Comprehensive Policy Scorecard
The following scorecard summarizes how each country addresses the five policy areas of the Affordability and Immigration Act. The pattern is clear: peer democracies act on multiple fronts simultaneously. The United States acts on none.
| Policy Area | CAN | AUS | NZ | SGP | JPN | CHE | USA |
|---|---|---|---|---|---|---|---|
| Foreign Buyer Restrictions | Full ban | Restricted + surcharges | Full ban | 60% tax | None | Restricted | None |
| Corporate Ownership Limits | Provincial taxes | FIRB review + surcharges | Tax disincentives | 35% entity tax | None | Cantonal limits | None |
| Immigration-Housing Link | Cut 25% citing housing | No link (counterexample) | Points-based | Managed system | Selective | Quota system | No link |
| Visa Worker Safeguards | LMIA labor test | TSS visa reforms | Employer accreditation | Salary floors + quotas | Skills-based visa | Labor market testing | H-1B (60% below median) |
| Federal Housing Construction Role | $4B accelerator fund | National Accord | National zoning override | Govt builds 80% | National 12-zone system | Cantonal planning | None (local only) |
CAN = Canada, AUS = Australia, NZ = New Zealand, SGP = Singapore, JPN = Japan, CHE = Switzerland, USA = United States
What the Evidence Shows
The international record provides several clear findings:
Foreign buyer restrictions work and are sustainable. Switzerland has restricted foreign purchases for 43 years.[6] New Zealand's ban reduced foreign buyer share from 3.3% to under 0.5% within one year.[3] Singapore's 60% tax cut foreign transactions by 62%.[4] In no case did the predicted economic catastrophe materialize.
Immigration levels and housing costs are directly linked. Canada's immigration cuts preceded a 6.6% rent decline.[7] Australia's record immigration preceded a 47% rent surge.[2] The direction of effect is consistent across countries and time periods.

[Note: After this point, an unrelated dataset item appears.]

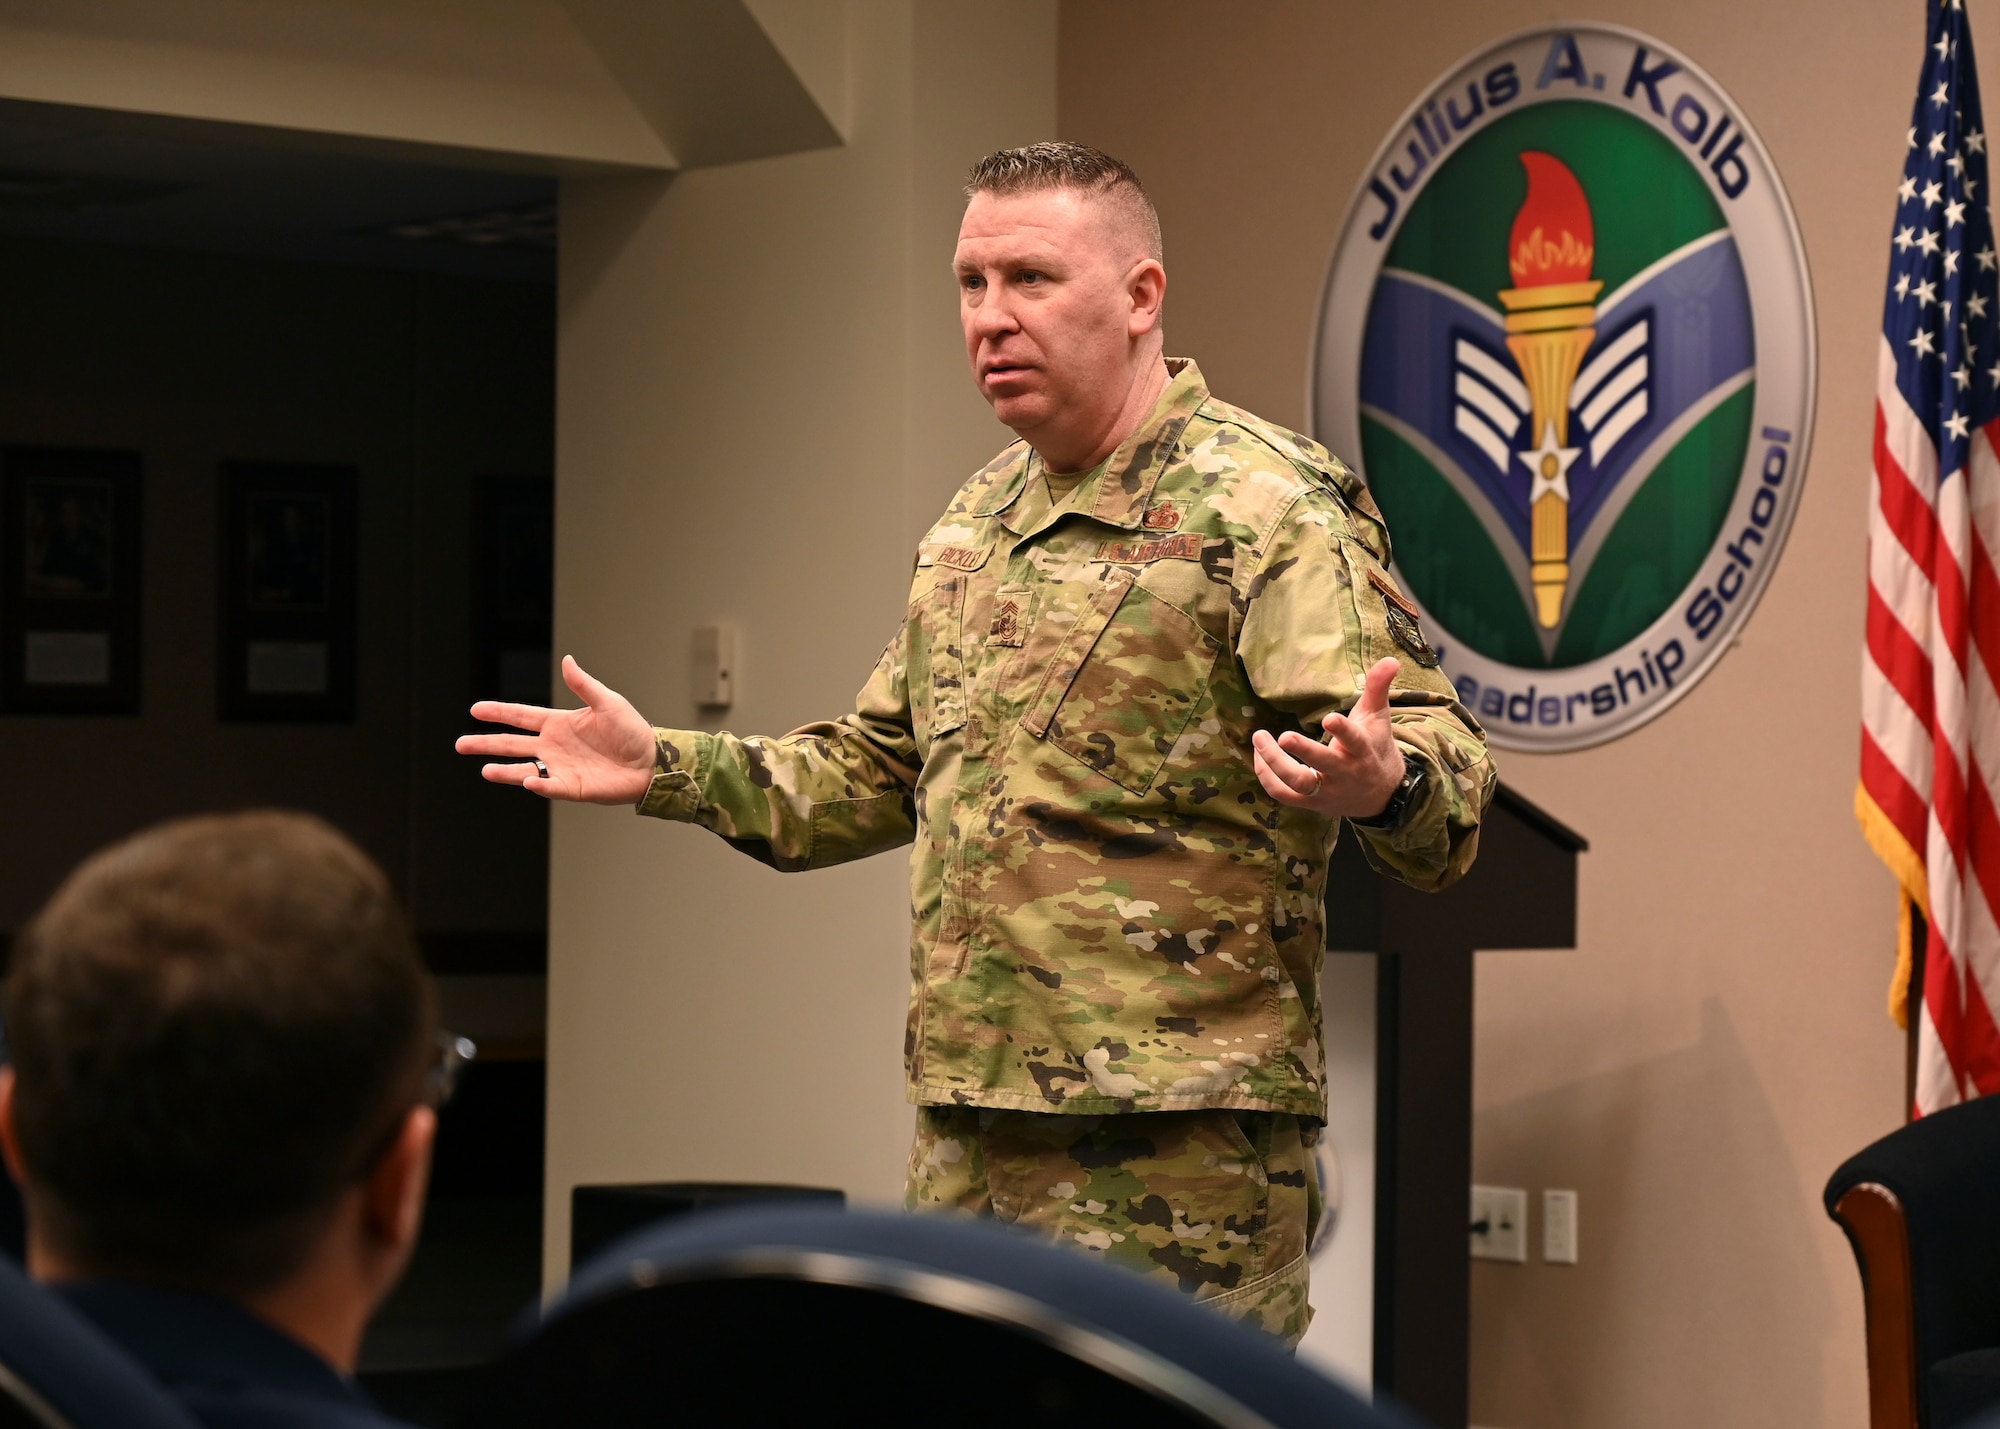 U.S. Air Force Chief Master Sgt. Chad Bickley, 18th Air Force command chief, met with the Julius A. Kolb Airman Leadership School Class 23-C at Joint Base Lewis-McChord, Washington, March 3, 2023. During Bickley’s visit he spoke with the ALS class, held an all-call with Team McChord, and spoke at the Chief Recognition Ceremony. (U.S. Air Force Senior Airman Callie Norton)

National zoning frameworks enable faster, cheaper construction. Japan's 12-zone system produces permits in 2 months.[8] New Zealand's national Medium Density Standards increased building consents 12% in the first year.[3] Fragmented local control — as practiced in the U.S. — produces the slowest and most expensive permitting in the developed world.
Construction alone is not sufficient if demand continues to grow. Australia built housing at higher per-capita rates than the United States but could not keep pace with record immigration.[2] Effective policy requires addressing both sides of the supply-demand equation — as the Affordability and Immigration Act proposes.
The United States is the only peer democracy with no comprehensive framework. Every country examined acts on at least three of the five policy areas. The U.S. acts on none at the federal level. The Affordability and Immigration Act would bring the United States in line with international practice.
The Affordability and Immigration Act in International Context
The Act's five proposals — ending corporate ownership of single-family homes, reducing immigration for 10 years, restoring the H-1 visa, ending foreign residential purchases, and increasing housing construction through federal-local partnerships — are not without precedent. They draw on proven approaches from peer democracies, adapted to U.S. conditions. The question is not whether these policies can work. The evidence shows they do. The question is whether the United States will adopt them.